**Problem details:** Begin at the line where "12 Assorted flavor gummy bears 1 lb package" appears and reproduce exactly every line through the end of the data below, both included, skipping pictures.

**Stored data:**

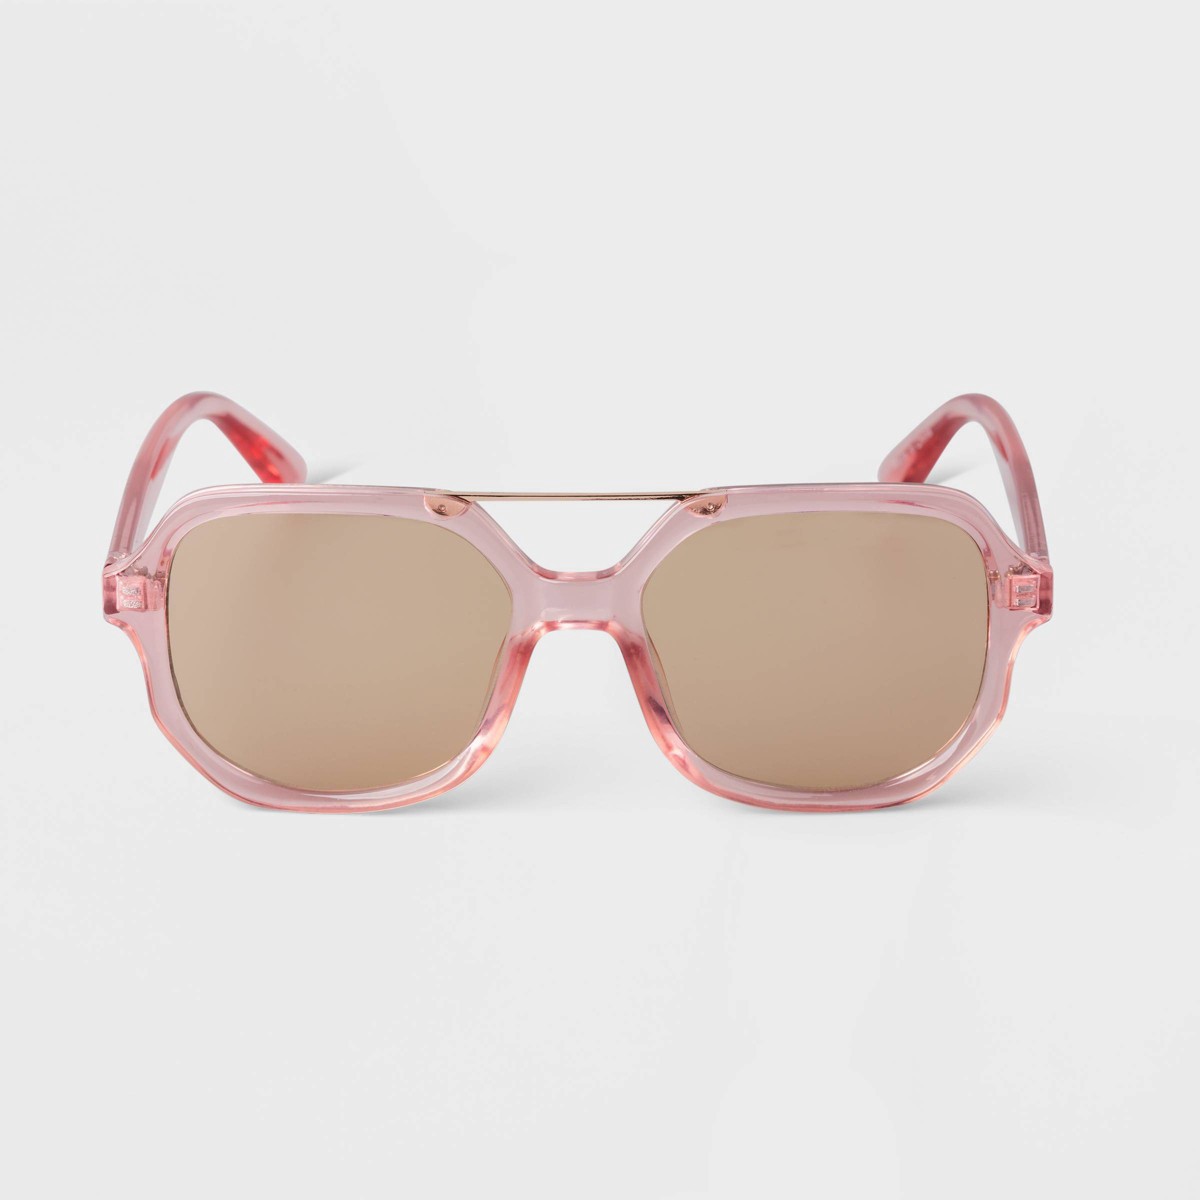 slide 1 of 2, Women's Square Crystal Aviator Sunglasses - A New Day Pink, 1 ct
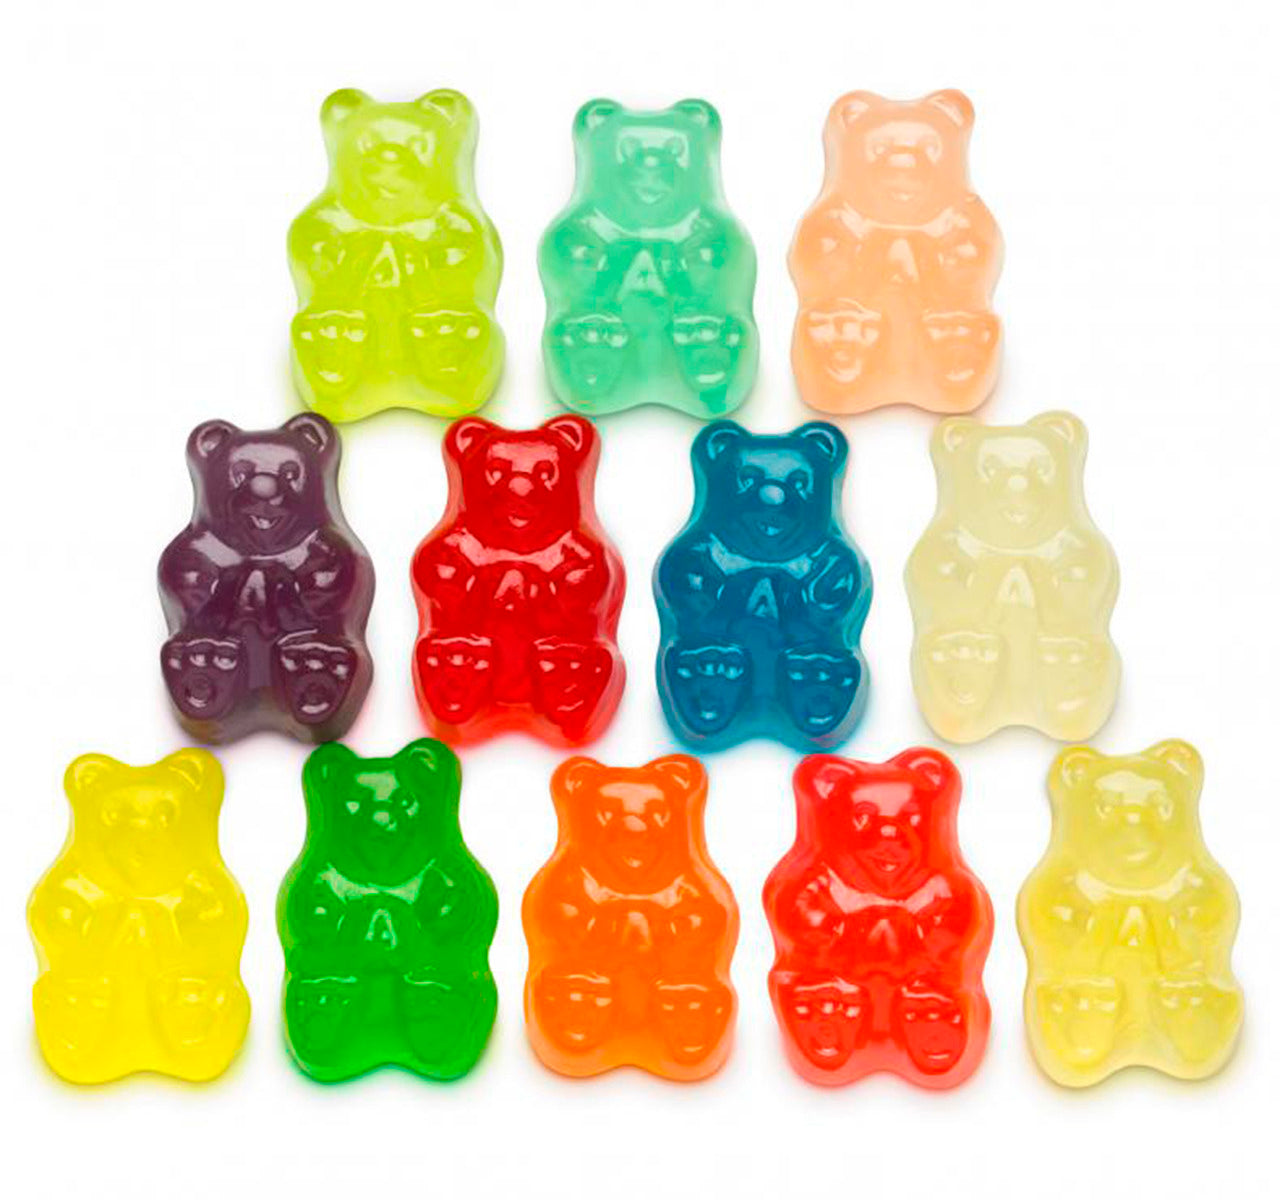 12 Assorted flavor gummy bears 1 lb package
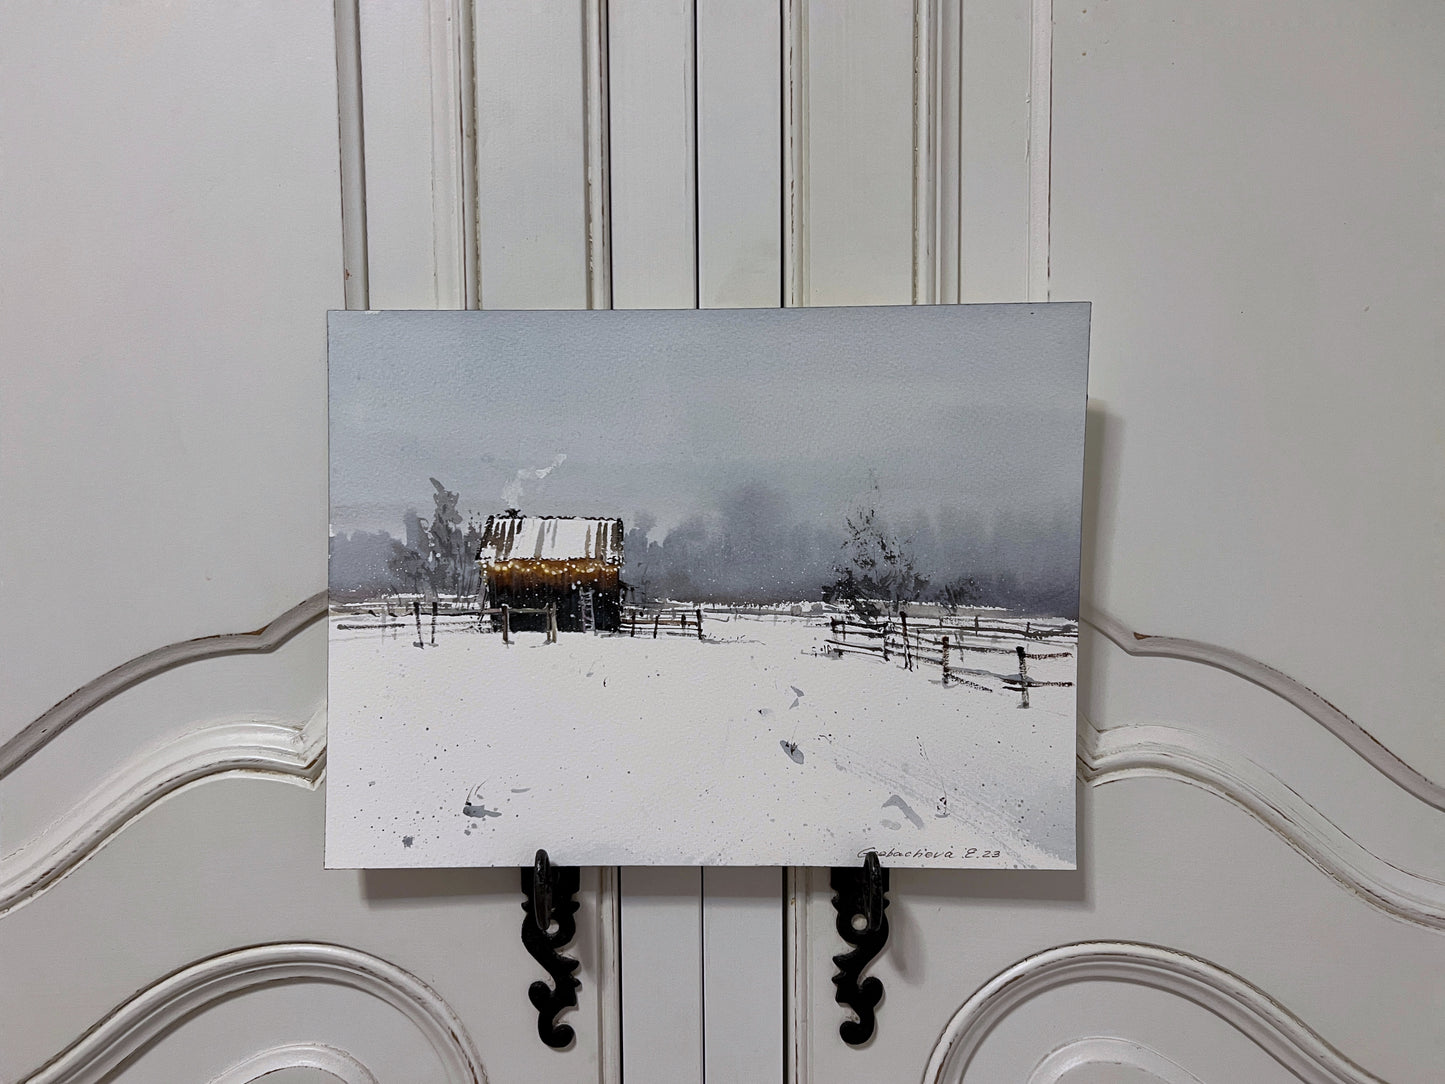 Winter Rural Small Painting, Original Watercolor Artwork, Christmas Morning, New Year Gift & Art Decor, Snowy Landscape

**Response to this exercise:**
 12 Assorted flavor gummy bears 1 lb package
 Winter Rural Small Painting, Original Watercolor Artwork, Christmas Morning, New Year Gift & Art Decor, Snowy Landscape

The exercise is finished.